To help you remember the order in which components of an equation should be calculated, consider using the mnemonic device: BEDMAS (Brackets, Exponents, Division, Multiplication, Addition, and Subtraction). 

The order of operations is important because it tells you which calculations to perform first when solving a problem with multiple operations. For example, in the expression 3 + 4 x 2, you would use BEDMAS to determine that you need to perform the multiplication before the addition. So, you would first multiply 4 x 2 to get 8, and then add 3 to get 11. 

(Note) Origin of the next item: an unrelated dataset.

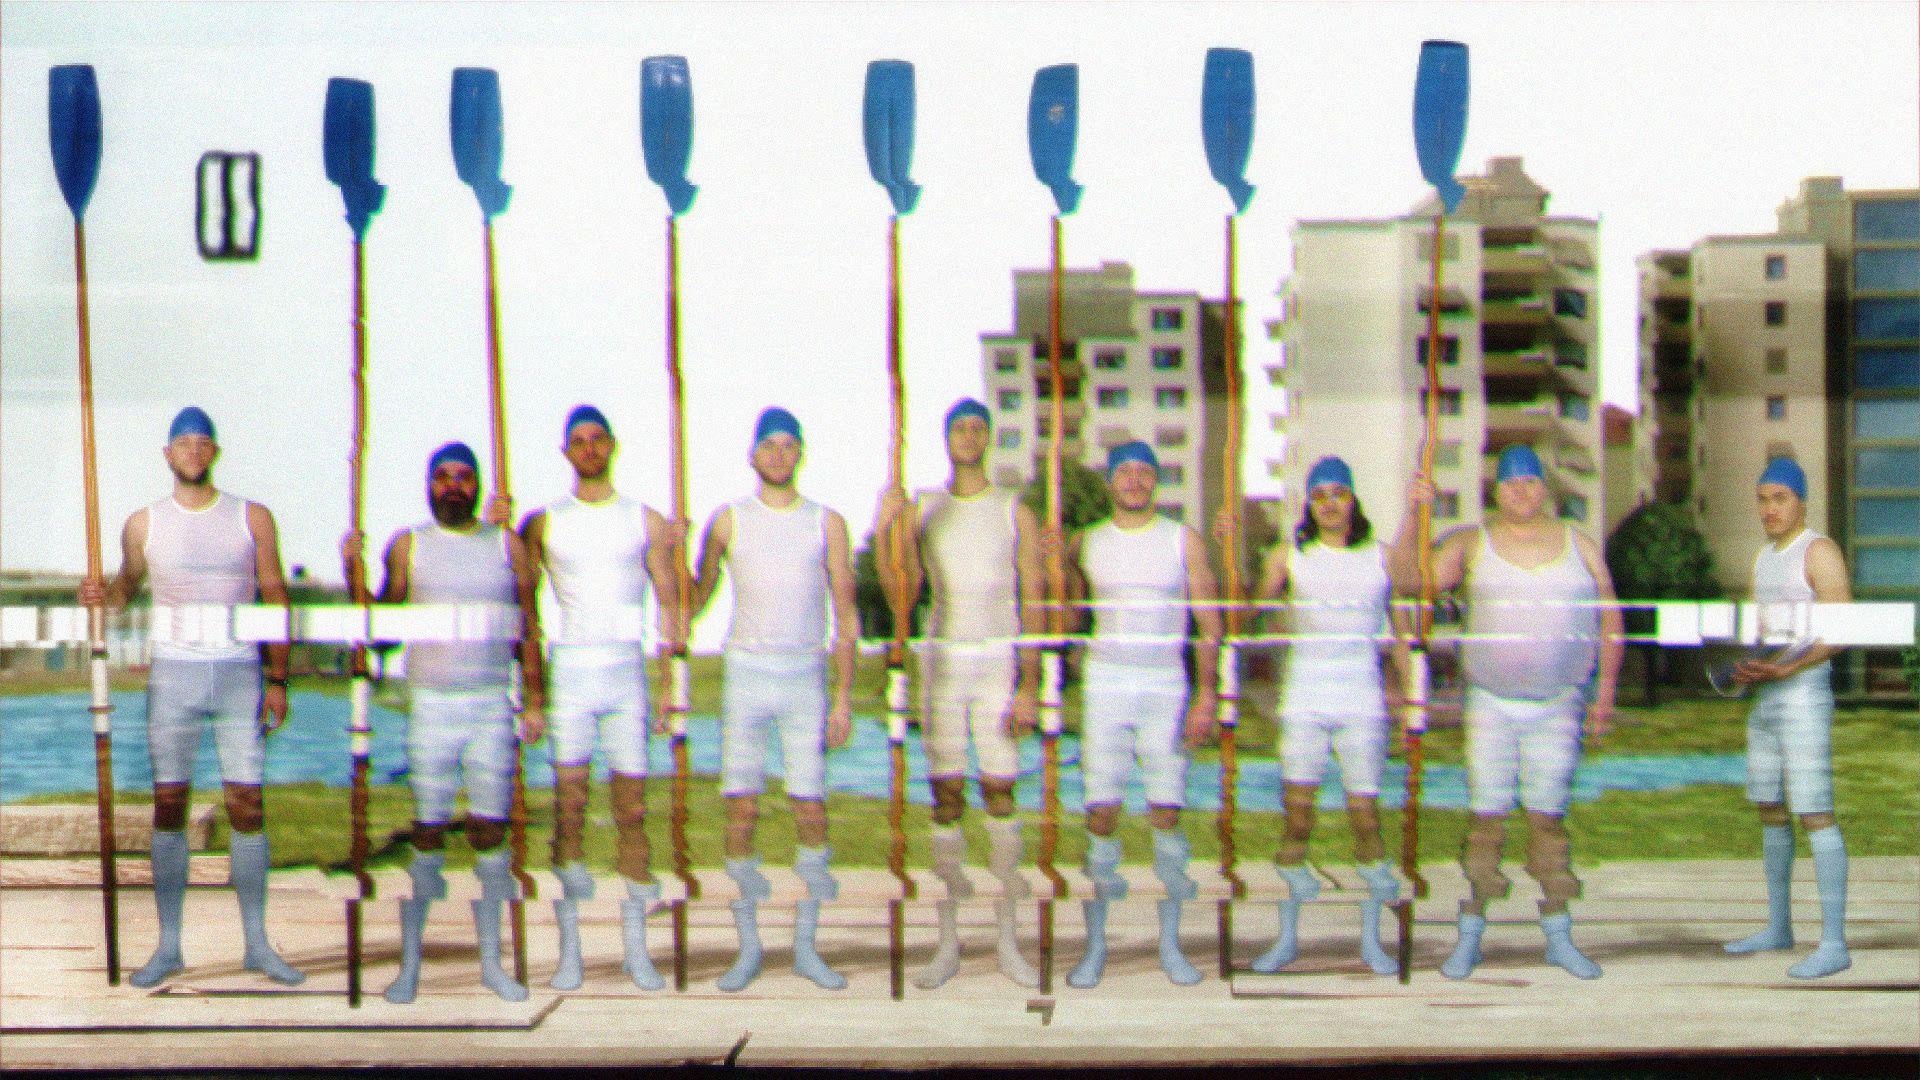 7162fd14ee0b24d1774a1c4a28c91ce3 Unique De Promo Parasol Schème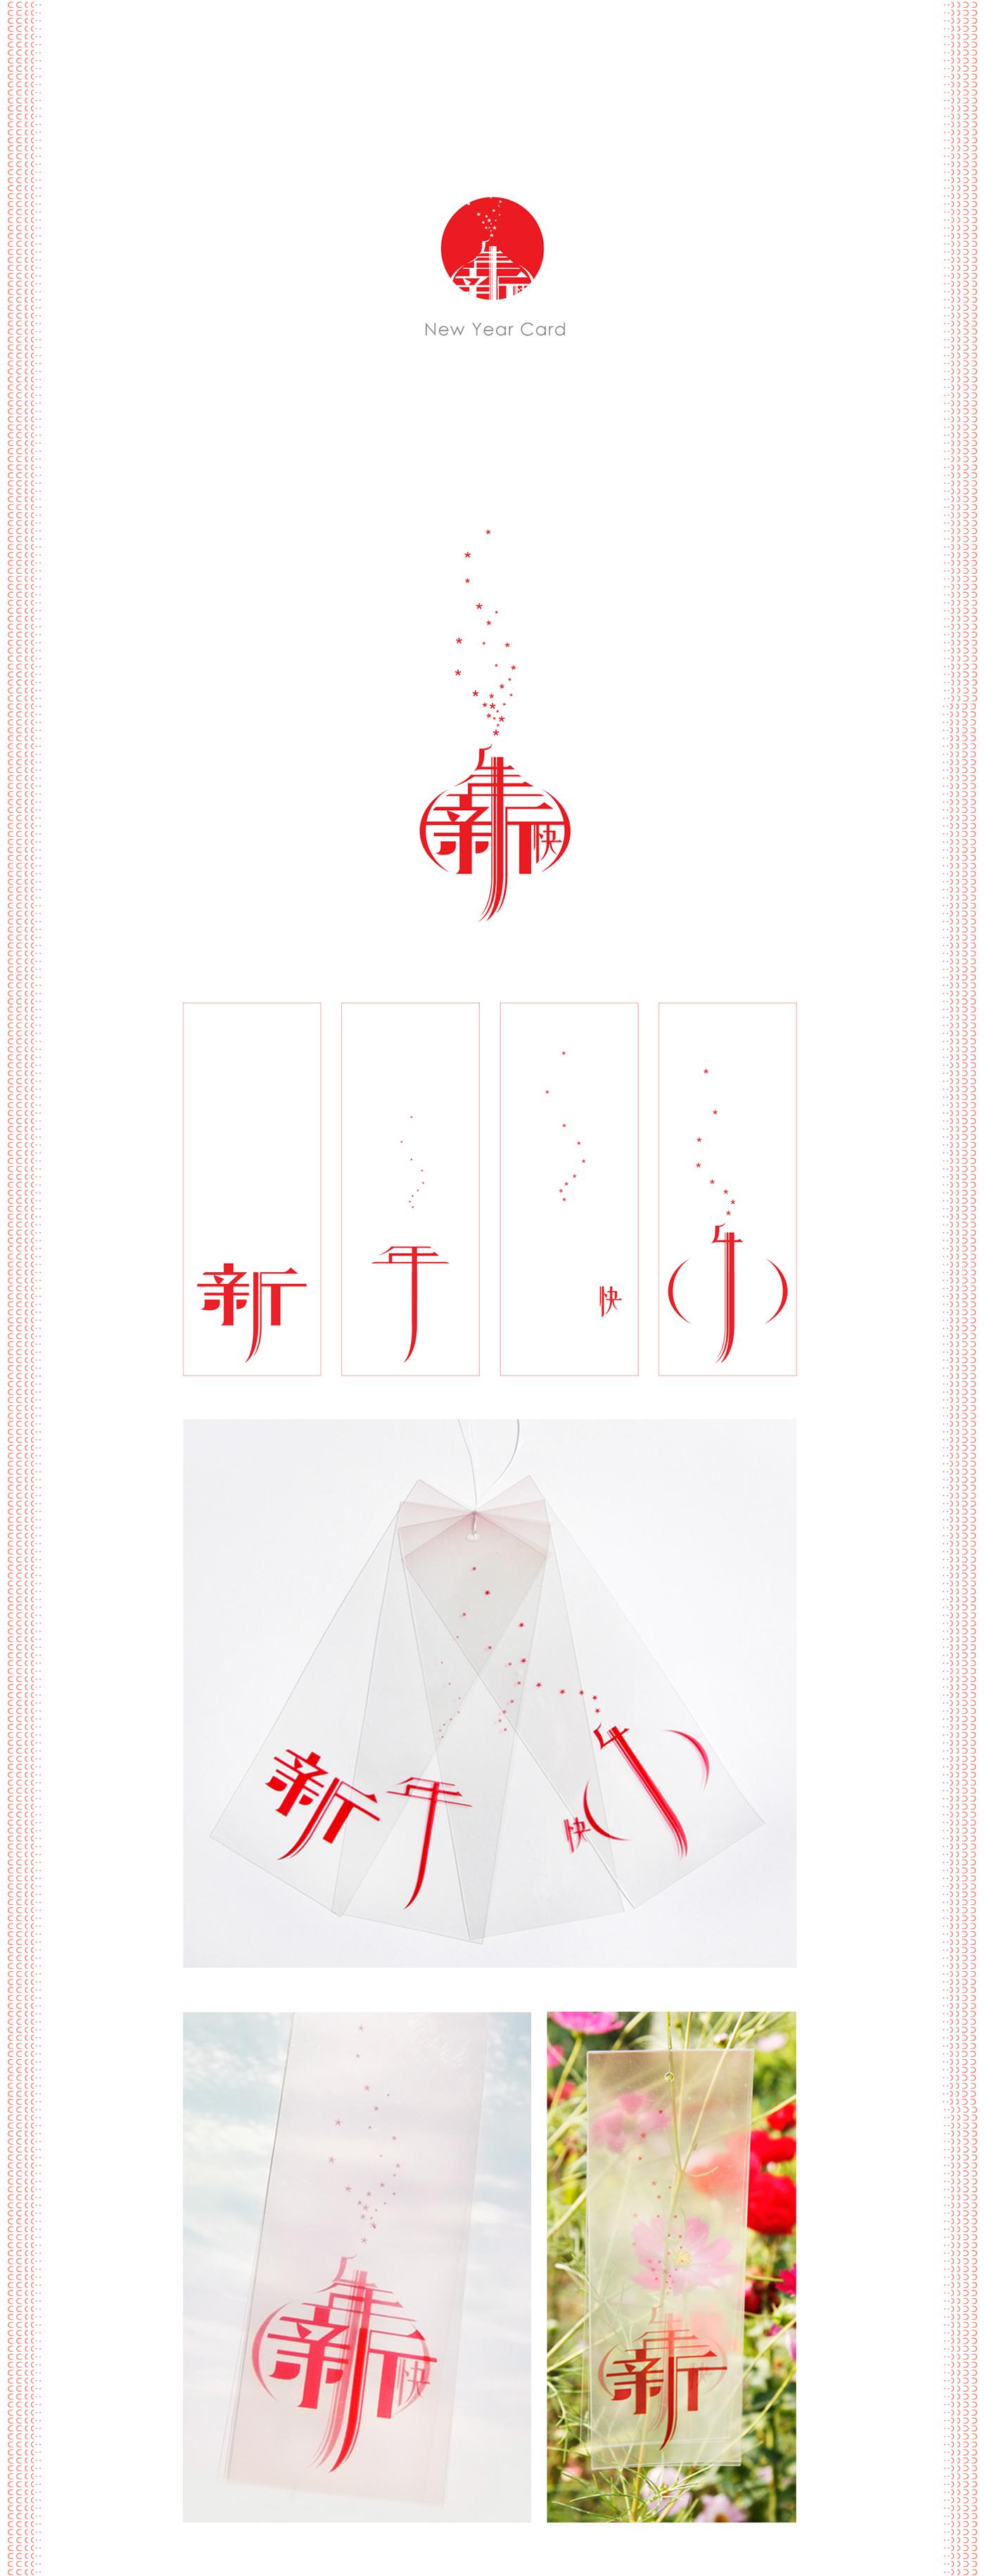 newyear bookmark design print china font card transparent plastic personal Illustrator photoshop Promotion

Here’s an example of a more complex problem: 

(2 + 5) x 3 - 4² ÷ (1 + 3) = ?

Using BEDMAS, we would start by calculating anything in brackets first, so we would simplify (2 + 5) to get 7 and (1+3) to get 4: 

7 x 3 - 4² ÷ 4 = ?

Next, we would calculate any exponents, which in this case is 4² (4 x 4), which equals 16: 

7 x 3 - 16 ÷ 4 = ?

Next, we would perform any division or multiplication in order from left to right. The first multiplication is 7 x 3, which equals 21. The first division is 16 ÷ 4, which equals 4: 

21 – 4 = ?

Finally, we perform any addition or subtraction in order from left to right: 

21 - 4 = 17

So, the final answer to the problem is 17. 

For more information on order of operations, please check out the links below: 

  • Math Is Fun offers instructions with examples, practice questions, and an Order of Operations calculator. 
  • MathFrog, from the University of Waterloo, offers a skill-testing order of operations game. 


Algebra is used to solve problems and to find solutions to equations. We use letters or symbols to represent unknown variables, such as x or y, and then use different functions to solve for them. 

  • The Algebra Refresher provides links to a series of algebra-related videos from Khan Academy 
  • Desmos is a user-friendly graphing tool that will graph one or more functions to help you visualize the graph and/or compare functions 
  • Arizona State University has an algebra crash course 
  • GeoGebra offers tons of free interactive resources  


Geometry is a branch of mathematics that deals with the study of shapes, sizes, positions, and properties of objects in space. We also use concepts such as symmetry, congruence, similarity, and transformation to compare and classify these figures. 

The Geometry Refresher website provides links to a series of videos from Khan Academy that will help reacquaint you with geometry-related topics.  

You can also check out the “Area and Perimeter” chart in the Trades Math section for a quick reference guide. 


Factoring refers to the process of breaking down a mathematical expression or number into smaller factors that, when multiplied together, produce the original expression or number. Factoring is an important concept in algebra and arithmetic, as it allows us to simplify and solve equations, identify patterns, and work with large numbers more easily. 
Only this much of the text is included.